Mercredi dernier, à l’appel de la société civile, toutes les villes de l’Est de la RDC ont été paralysées par des marches et des « journées ville morte » pour « protester contre cette nouvelle guerre » et soutenir les efforts qui sont menés en vue d’y mettre fin. Ce qui est bien bon. Cet élan national, cette solidarité du peuple autour d’une question aussi importante que la souveraineté et la sécurité nationales.

Ma satisfaction serait pourtant plus complète si l’on pouvait observer la même dynamique et la même solidarité lorsqu’il s’agit d’autres questions d’une importance similaire (ou presque) comme par exemple :
-          S’opposer à la modification intempestive de la constitution (comme celle de janvier 2011 qui a réduit le scrutin présidentiel à un seul tour au lieu de deux) :
-          Réclamer l’application de la constitution en ce qui concerne la retenue à la source de 40% des recettes des provinces, ou la mise en place du Conseil constitutionnel et de la Cour des comptes, ou encore la tenue des élections locales ;
-          Dénoncer la corruption et exiger la fin de l’impunité et d’autres antivaleurs, …

Balkaniser la RDC : quoi de neuf ?

Brandir l’idée que le M23 procède d’un « complot international » visant à la balkaniser la RDC, c’est tout simplement une idée ridicule à mes yeux. D’abord parce que les autorités de Kinshasa ne font absolument rien pour mettre le peuple dans les conditions minimales qui lui permettent d’apprécier le bien fondée de l’unité tant vantée : l’insécurité est permanente, la pauvreté, l’oppression parfois de la part de ceux qui sont sensés assurer la protection, exclusions, stigmatisation, … Ensuite parce que la sécession du Congo n’est pas une idée que des étrangers : il y a de nombreux peuples (au nord, au sud, à l’est, au centre) qui préféreraient être autonomes, espérant ainsi pouvoir enfin se développer, et l’idée séduit de plus en plus les gens, surtout la jeunesse. Je ne sais pas si c’est aussi le cas des Tutsi, ou plus généralement des populations de langue kinyarwanda. Ce qui est sûr c’est que si c’était le cas, ils ne seraient ni les premiers, ni les seuls à y croire.

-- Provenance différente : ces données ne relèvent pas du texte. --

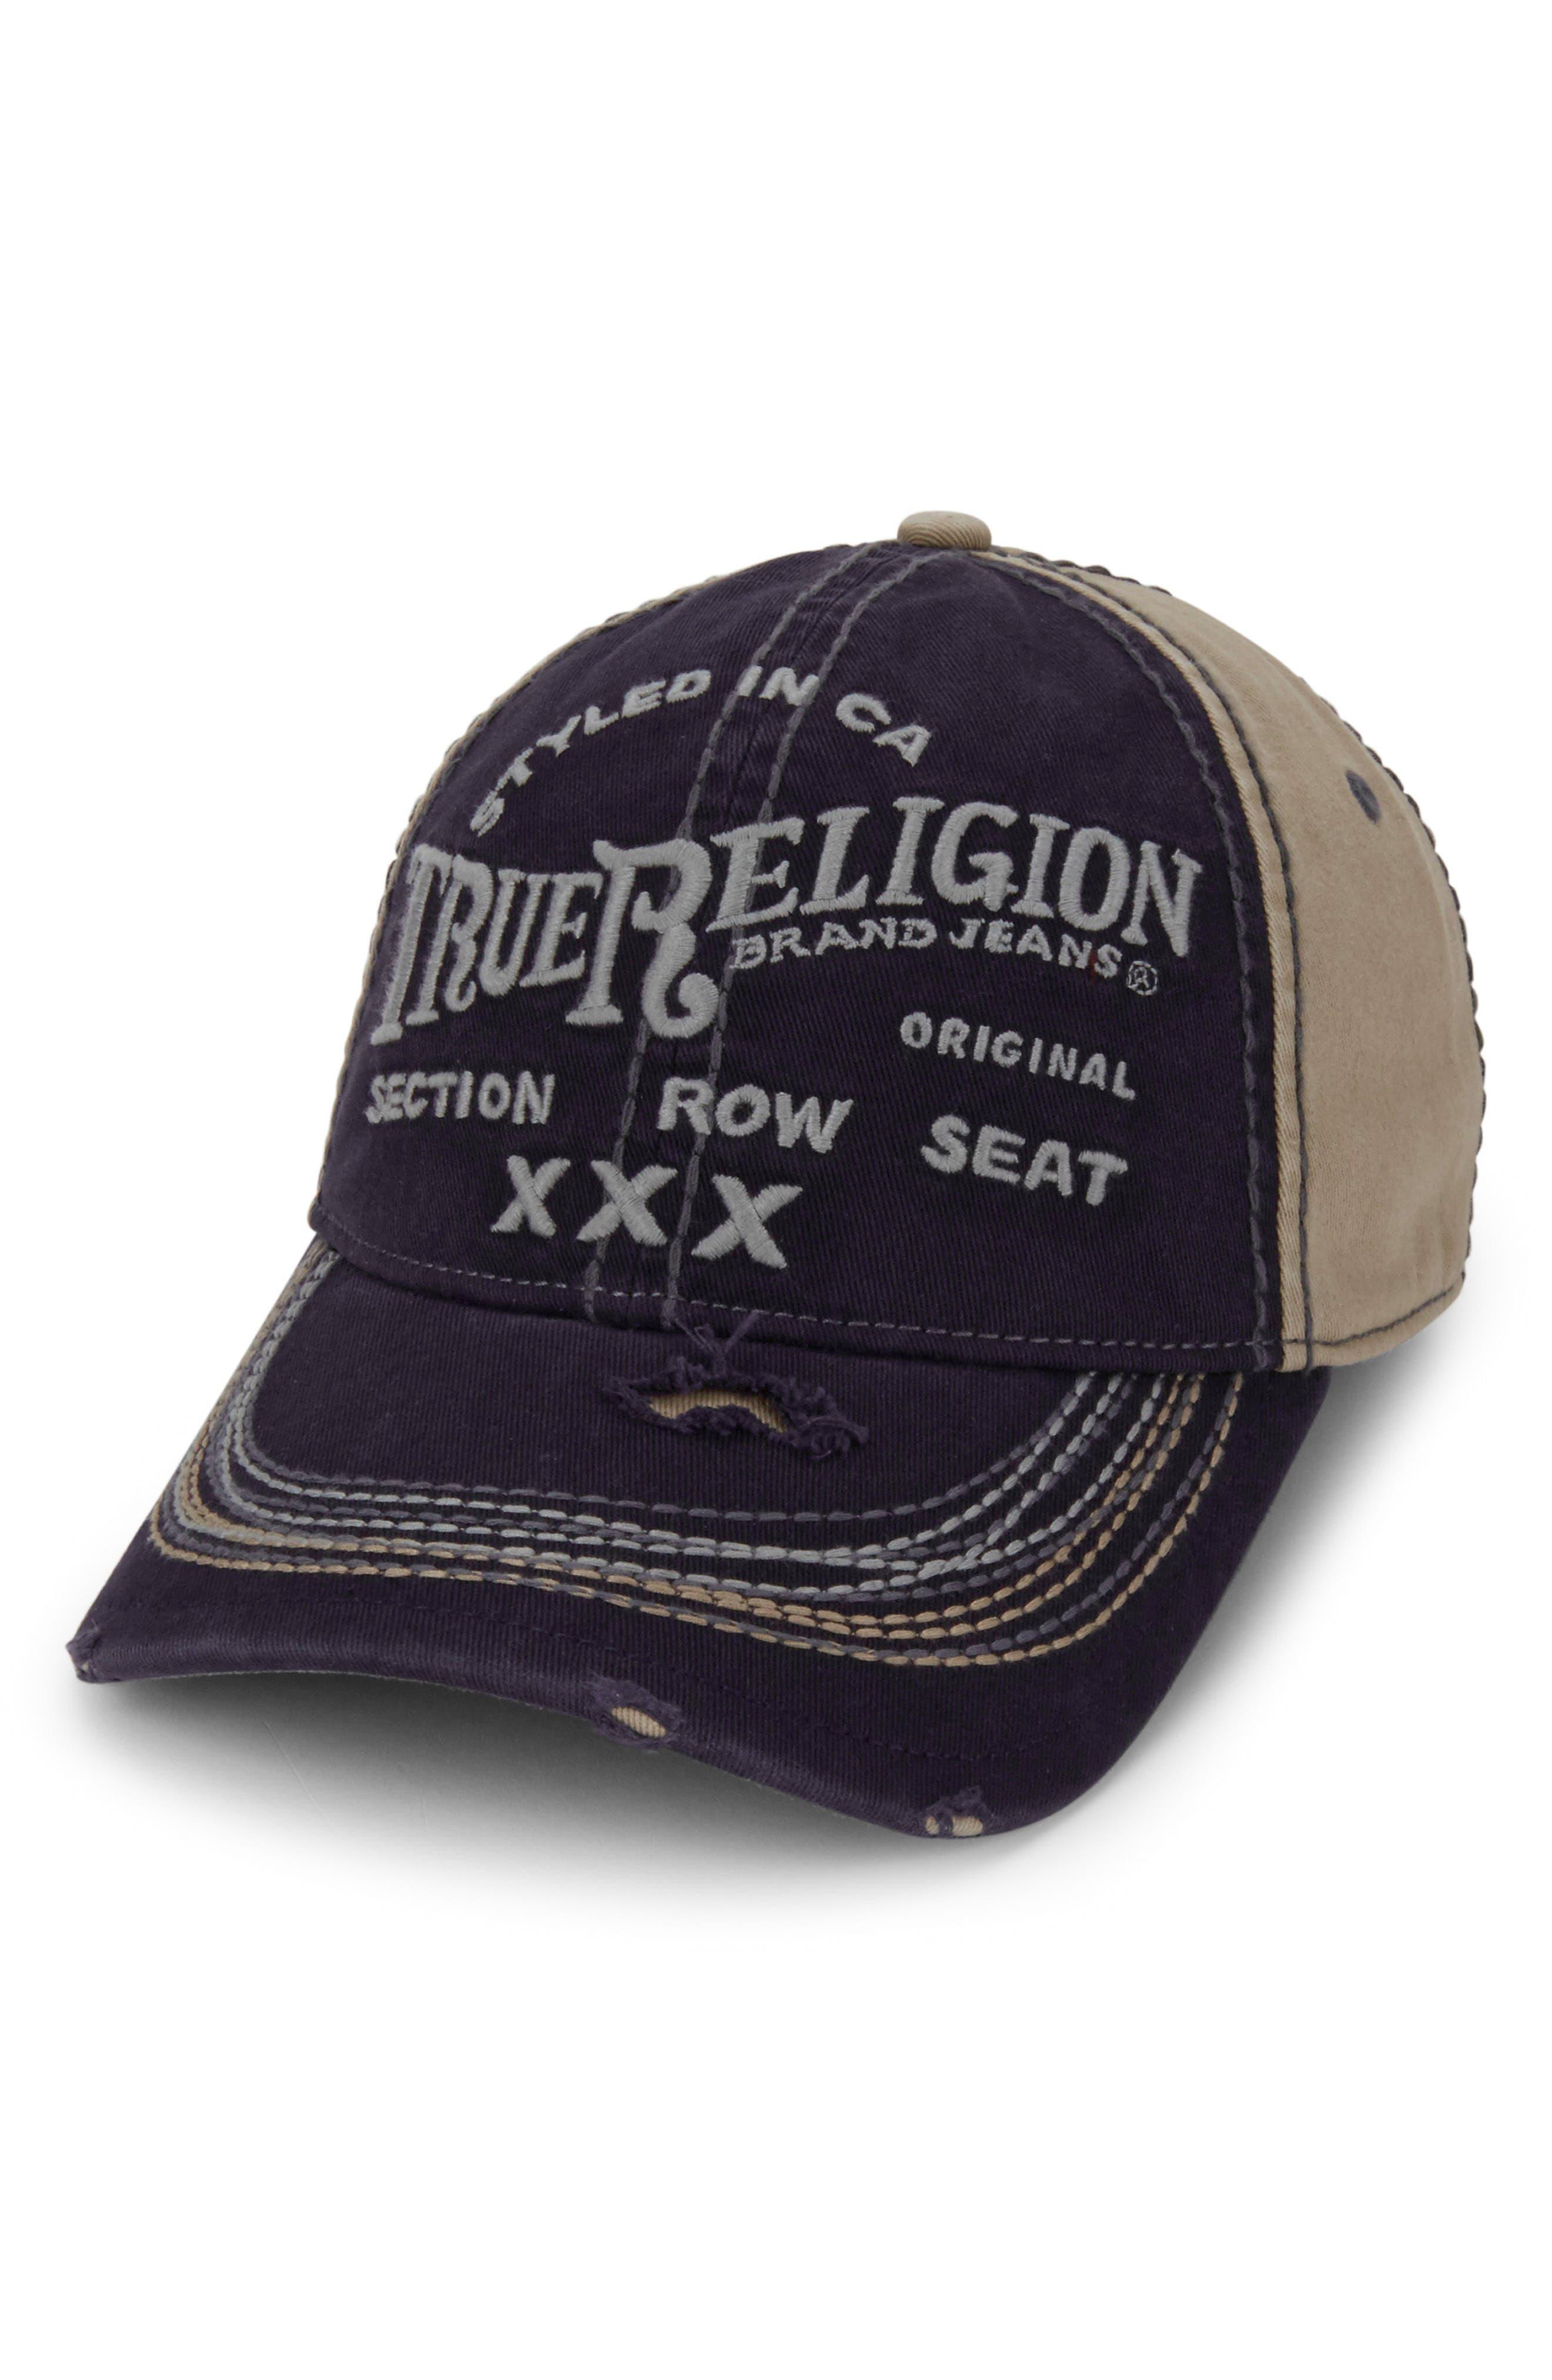 Alternate Image 1 Selected - True Religion Brand Jeans 'Triple X' Baseball Cap

Exploiter les ressources naturelles ?

Quant à dire que cette guerre serait justifiée par le souci pour le Rwanda ou des pays tiers de continuer à exploiter les ressources de la RDC, je pense que cela n’a non plus rien de vraiment convainquant. En effet, les richesses de la RDC sont partout exploitées, que ce soit par les congolais ou les étrangers, sans que cette exploitation ne profite à la majorité d’entre nous. Et cela se fait de Moanda à Aru, de Gbadolité à Kolwezi, de Tshikapa à Bukavu… et les prédateurs n’ont nullement besoin de faire la guerre pour exploiter ce dont ils ont besoin. Déjà que personne n’a la capacité de les en empêcher. Ni l’armée ou la police, qui au contraire les convoient ou les alimentent bien souvent ; ni le gouvernement ou le parlement dont les membres s’en partagent les parts ou les miettes à cœur joie ; moins encore la population qui est dupe, ou résignée, ou amorphe, lorsqu’elle n’est pas elle-même exploitée de façon vulgaire.   

En conclusion

Certes cette énième guerre que mène le M23 est de trop : elle rajoute à l’insécurité qui en fait n’a jamais cessé au Nord-Kivu depuis plusieurs décennies ; elle aggrave une situation humanitaire déjà précaire et oblige des centaines de milliers de gens à fuir leurs maisons, leurs champs, sans compter ceux à qui elle prend la vie ; elle ranime des tensions communautaires qui étaient peut-être en passe de s’apaiser ; elle ravive la méfiance, voire la haine à l’égard du Rwanda et des Rwandais ; elle donne de nouveaux prétextes à un pouvoir qui a déjà montré ses limites à répondre aux attentes de la population ;…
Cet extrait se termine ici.